DEBENHAMS expects trading to remain challenging in Ireland this year as its latest accounts show its main Irish operations made losses of €12 million in 2010.
For the year to August 28, 2010, Debenhams Retail (Ireland) reported pre-tax losses of more than €12m. This compares with a profit of €6m in the previous year.
Turnover in the year was down from €188m to €170m at their Irish department stores.
Debenhams’ activities expose it to a variety of financial risks that include the effects of changes in funding and liquidity risk, credit risk and foreign exchange risk, according to the company’s accounts.

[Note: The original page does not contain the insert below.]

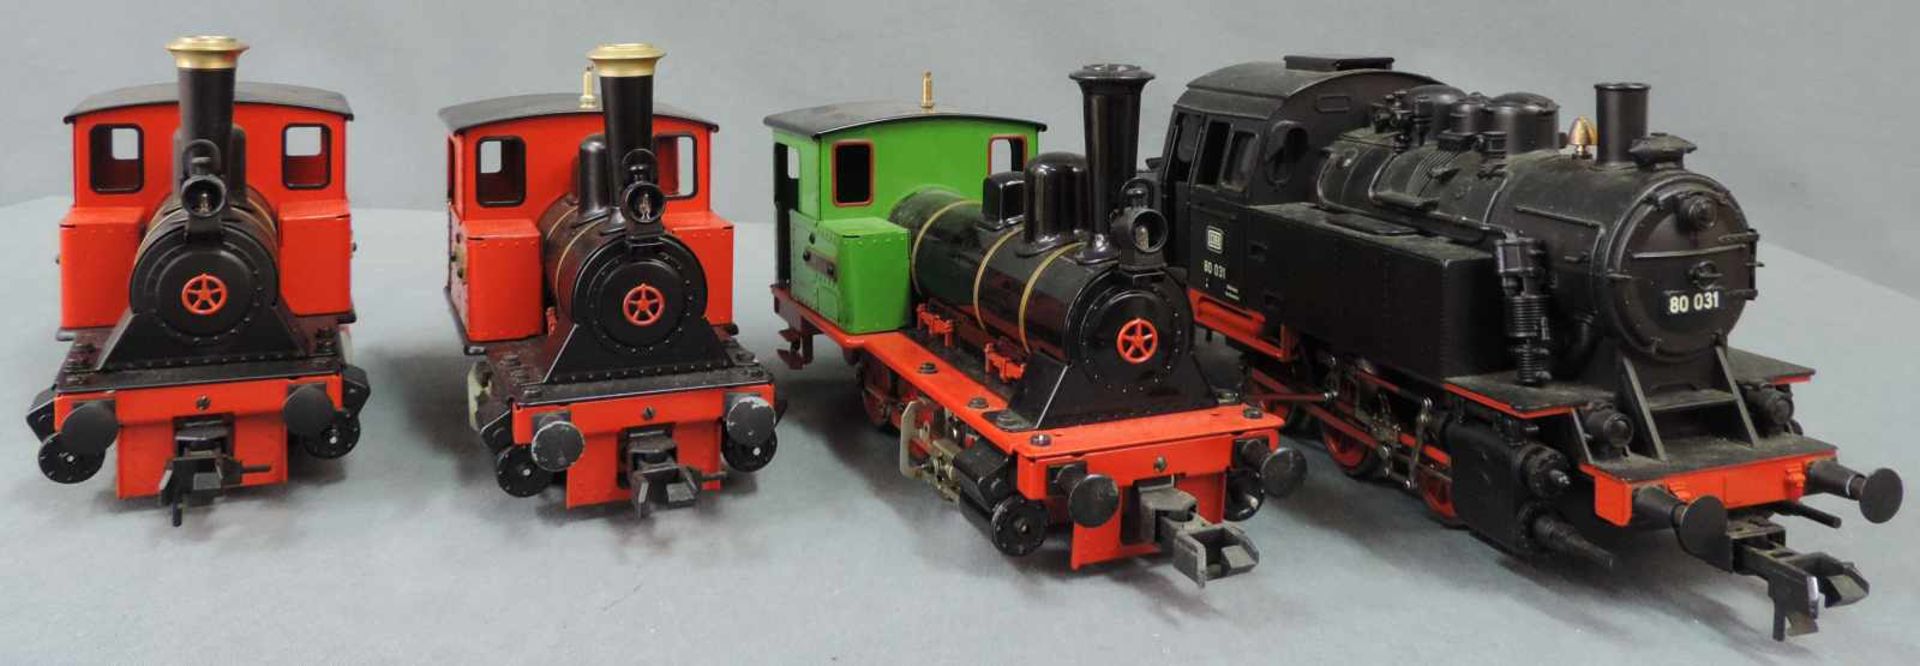 Vier Lokomotiven, Märklin, Modelleisenbahnen. 2x Modell "Emma", 1x "BR 80031", 1x Lokomotive "

“After reviewing current performance and detailed forecasts, taking into account available bank facilities and making further enquiries as considered appropriate, the directors are satisfied that the company has reasonable resources to enable it to continue in business for the foreseeable future. For this reason, the directors believe it is appropriate to adopt the going concern basis in preparing these financial statements,” the accounts read.
Staff costs amounted to €50.8m compared with €41.9m in the previous year. Employee numbers fell from 1,826 to 1,803, as the company took a €10.6m hit on restructuring costs.
The company previously said the restructuring of the business in Ireland will “ensure that the business has the flexible and right-sized workforce that it needs for the future”.
During the year the company received a capital contribution in the form of a loan note of €46,493,574 from Debenhams Retail Holdings (Ireland).
“This capital contribution was used to repay the company’s balance due to Debenhams Retail Plc, a 100% fellow subsidiary of Debenhams Plc, the company’s ultimate parent company. A further capital contribution, in the form of cash totalling €8,999,990, was also received during the year from Debenhams Retail Holdings (Ireland) Limited,” the accounts read.
The directors do not recommend the payment of a dividend.
Debenhams, which entered the Irish market by acquiring Roches Stores in 2006 and now has 10 stores around the country, moved to cut around 170 jobs in its Irish division through a voluntary redundancy scheme last year.